THE TASK: A word-for-word transcription of the records is required.

Extracted data entries:
● ● ● ● ● ● ●
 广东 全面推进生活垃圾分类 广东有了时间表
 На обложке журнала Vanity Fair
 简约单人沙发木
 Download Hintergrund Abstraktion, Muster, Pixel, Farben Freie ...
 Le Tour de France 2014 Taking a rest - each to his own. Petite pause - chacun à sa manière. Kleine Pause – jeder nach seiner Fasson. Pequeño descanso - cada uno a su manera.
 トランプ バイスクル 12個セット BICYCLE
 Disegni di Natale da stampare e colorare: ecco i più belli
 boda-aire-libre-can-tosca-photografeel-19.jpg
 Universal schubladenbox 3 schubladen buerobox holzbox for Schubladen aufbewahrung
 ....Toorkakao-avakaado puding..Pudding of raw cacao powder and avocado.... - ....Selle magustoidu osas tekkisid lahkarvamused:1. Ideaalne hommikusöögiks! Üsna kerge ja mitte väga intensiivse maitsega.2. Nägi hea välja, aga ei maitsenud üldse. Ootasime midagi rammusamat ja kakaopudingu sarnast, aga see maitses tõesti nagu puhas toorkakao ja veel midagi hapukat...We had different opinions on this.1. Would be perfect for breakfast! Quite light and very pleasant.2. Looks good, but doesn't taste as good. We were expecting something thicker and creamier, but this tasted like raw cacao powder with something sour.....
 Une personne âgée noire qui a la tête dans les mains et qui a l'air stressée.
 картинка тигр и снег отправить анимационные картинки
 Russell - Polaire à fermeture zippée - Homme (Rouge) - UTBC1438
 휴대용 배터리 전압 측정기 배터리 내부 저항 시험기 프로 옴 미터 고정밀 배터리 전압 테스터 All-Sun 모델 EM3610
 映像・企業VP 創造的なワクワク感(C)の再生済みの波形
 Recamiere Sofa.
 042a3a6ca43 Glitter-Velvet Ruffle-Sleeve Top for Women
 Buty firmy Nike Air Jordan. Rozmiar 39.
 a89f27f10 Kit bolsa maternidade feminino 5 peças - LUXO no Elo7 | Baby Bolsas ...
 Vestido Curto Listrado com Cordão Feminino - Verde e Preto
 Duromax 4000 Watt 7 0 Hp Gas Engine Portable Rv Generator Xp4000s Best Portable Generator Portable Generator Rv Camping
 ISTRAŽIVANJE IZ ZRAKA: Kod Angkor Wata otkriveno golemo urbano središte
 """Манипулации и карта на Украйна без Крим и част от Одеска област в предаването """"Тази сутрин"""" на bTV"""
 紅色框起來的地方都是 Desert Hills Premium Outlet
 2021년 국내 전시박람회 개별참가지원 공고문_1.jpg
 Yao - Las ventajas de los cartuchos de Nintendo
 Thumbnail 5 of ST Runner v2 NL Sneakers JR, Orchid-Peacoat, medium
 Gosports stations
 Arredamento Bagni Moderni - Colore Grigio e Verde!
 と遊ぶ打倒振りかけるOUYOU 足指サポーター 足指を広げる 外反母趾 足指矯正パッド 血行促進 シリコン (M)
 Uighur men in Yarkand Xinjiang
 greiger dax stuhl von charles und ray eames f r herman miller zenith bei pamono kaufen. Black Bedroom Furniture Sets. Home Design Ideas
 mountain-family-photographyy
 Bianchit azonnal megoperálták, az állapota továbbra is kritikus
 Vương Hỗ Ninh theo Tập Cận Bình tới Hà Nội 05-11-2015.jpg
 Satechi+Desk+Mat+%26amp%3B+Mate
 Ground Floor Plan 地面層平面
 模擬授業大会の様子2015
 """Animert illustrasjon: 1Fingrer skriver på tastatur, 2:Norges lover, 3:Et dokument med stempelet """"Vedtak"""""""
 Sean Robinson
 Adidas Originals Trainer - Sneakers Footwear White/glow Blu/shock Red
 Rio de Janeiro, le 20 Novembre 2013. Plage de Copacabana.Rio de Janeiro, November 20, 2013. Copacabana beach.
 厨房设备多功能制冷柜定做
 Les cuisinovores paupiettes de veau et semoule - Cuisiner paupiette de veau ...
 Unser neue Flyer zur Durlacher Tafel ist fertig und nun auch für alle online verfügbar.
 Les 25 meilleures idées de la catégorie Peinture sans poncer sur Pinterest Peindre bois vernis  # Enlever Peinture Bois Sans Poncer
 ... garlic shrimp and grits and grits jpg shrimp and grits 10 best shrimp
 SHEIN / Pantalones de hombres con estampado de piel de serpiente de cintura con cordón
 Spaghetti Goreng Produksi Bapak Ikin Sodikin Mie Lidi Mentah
● ● ● ● ● ● ●
WRITTEN RESPONSE:
 广东 全面推进生活垃圾分类 广东有了时间表
 На обложке журнала Vanity Fair
 简约单人沙发木
 Download Hintergrund Abstraktion, Muster, Pixel, Farben Freie ...
 Le Tour de France 2014 Taking a rest - each to his own. Petite pause - chacun à sa manière. Kleine Pause – jeder nach seiner Fasson. Pequeño descanso - cada uno a su manera.
 トランプ バイスクル 12個セット BICYCLE
 Disegni di Natale da stampare e colorare: ecco i più belli
 boda-aire-libre-can-tosca-photografeel-19.jpg
 Universal schubladenbox 3 schubladen buerobox holzbox for Schubladen aufbewahrung
 ....Toorkakao-avakaado puding..Pudding of raw cacao powder and avocado.... - ....Selle magustoidu osas tekkisid lahkarvamused:1. Ideaalne hommikusöögiks! Üsna kerge ja mitte väga intensiivse maitsega.2. Nägi hea välja, aga ei maitsenud üldse. Ootasime midagi rammusamat ja kakaopudingu sarnast, aga see maitses tõesti nagu puhas toorkakao ja veel midagi hapukat...We had different opinions on this.1. Would be perfect for breakfast! Quite light and very pleasant.2. Looks good, but doesn't taste as good. We were expecting something thicker and creamier, but this tasted like raw cacao powder with something sour.....
 Une personne âgée noire qui a la tête dans les mains et qui a l'air stressée.
 картинка тигр и снег отправить анимационные картинки
 Russell - Polaire à fermeture zippée - Homme (Rouge) - UTBC1438
 휴대용 배터리 전압 측정기 배터리 내부 저항 시험기 프로 옴 미터 고정밀 배터리 전압 테스터 All-Sun 모델 EM3610
 映像・企業VP 創造的なワクワク感(C)の再生済みの波形
 Recamiere Sofa.
 042a3a6ca43 Glitter-Velvet Ruffle-Sleeve Top for Women
 Buty firmy Nike Air Jordan. Rozmiar 39.
 a89f27f10 Kit bolsa maternidade feminino 5 peças - LUXO no Elo7 | Baby Bolsas ...
 Vestido Curto Listrado com Cordão Feminino - Verde e Preto
 Duromax 4000 Watt 7 0 Hp Gas Engine Portable Rv Generator Xp4000s Best Portable Generator Portable Generator Rv Camping
 ISTRAŽIVANJE IZ ZRAKA: Kod Angkor Wata otkriveno golemo urbano središte
 """Манипулации и карта на Украйна без Крим и част от Одеска област в предаването """"Тази сутрин"""" на bTV"""
 紅色框起來的地方都是 Desert Hills Premium Outlet
 2021년 국내 전시박람회 개별참가지원 공고문_1.jpg
 Yao - Las ventajas de los cartuchos de Nintendo
 Thumbnail 5 of ST Runner v2 NL Sneakers JR, Orchid-Peacoat, medium
 Gosports stations
 Arredamento Bagni Moderni - Colore Grigio e Verde!
 と遊ぶ打倒振りかけるOUYOU 足指サポーター 足指を広げる 外反母趾 足指矯正パッド 血行促進 シリコン (M)
 Uighur men in Yarkand Xinjiang
 greiger dax stuhl von charles und ray eames f r herman miller zenith bei pamono kaufen. Black Bedroom Furniture Sets. Home Design Ideas
 mountain-family-photographyy
 Bianchit azonnal megoperálták, az állapota továbbra is kritikus
 Vương Hỗ Ninh theo Tập Cận Bình tới Hà Nội 05-11-2015.jpg
 Satechi+Desk+Mat+%26amp%3B+Mate
 Ground Floor Plan 地面層平面
 模擬授業大会の様子2015
 """Animert illustrasjon: 1Fingrer skriver på tastatur, 2:Norges lover, 3:Et dokument med stempelet """"Vedtak"""""""
 Sean Robinson
 Adidas Originals Trainer - Sneakers Footwear White/glow Blu/shock Red
 Rio de Janeiro, le 20 Novembre 2013. Plage de Copacabana.Rio de Janeiro, November 20, 2013. Copacabana beach.
 厨房设备多功能制冷柜定做
 Les cuisinovores paupiettes de veau et semoule - Cuisiner paupiette de veau ...
 Unser neue Flyer zur Durlacher Tafel ist fertig und nun auch für alle online verfügbar.
 Les 25 meilleures idées de la catégorie Peinture sans poncer sur Pinterest Peindre bois vernis  # Enlever Peinture Bois Sans Poncer
 ... garlic shrimp and grits and grits jpg shrimp and grits 10 best shrimp
 SHEIN / Pantalones de hombres con estampado de piel de serpiente de cintura con cordón
 Spaghetti Goreng Produksi Bapak Ikin Sodikin Mie Lidi Mentah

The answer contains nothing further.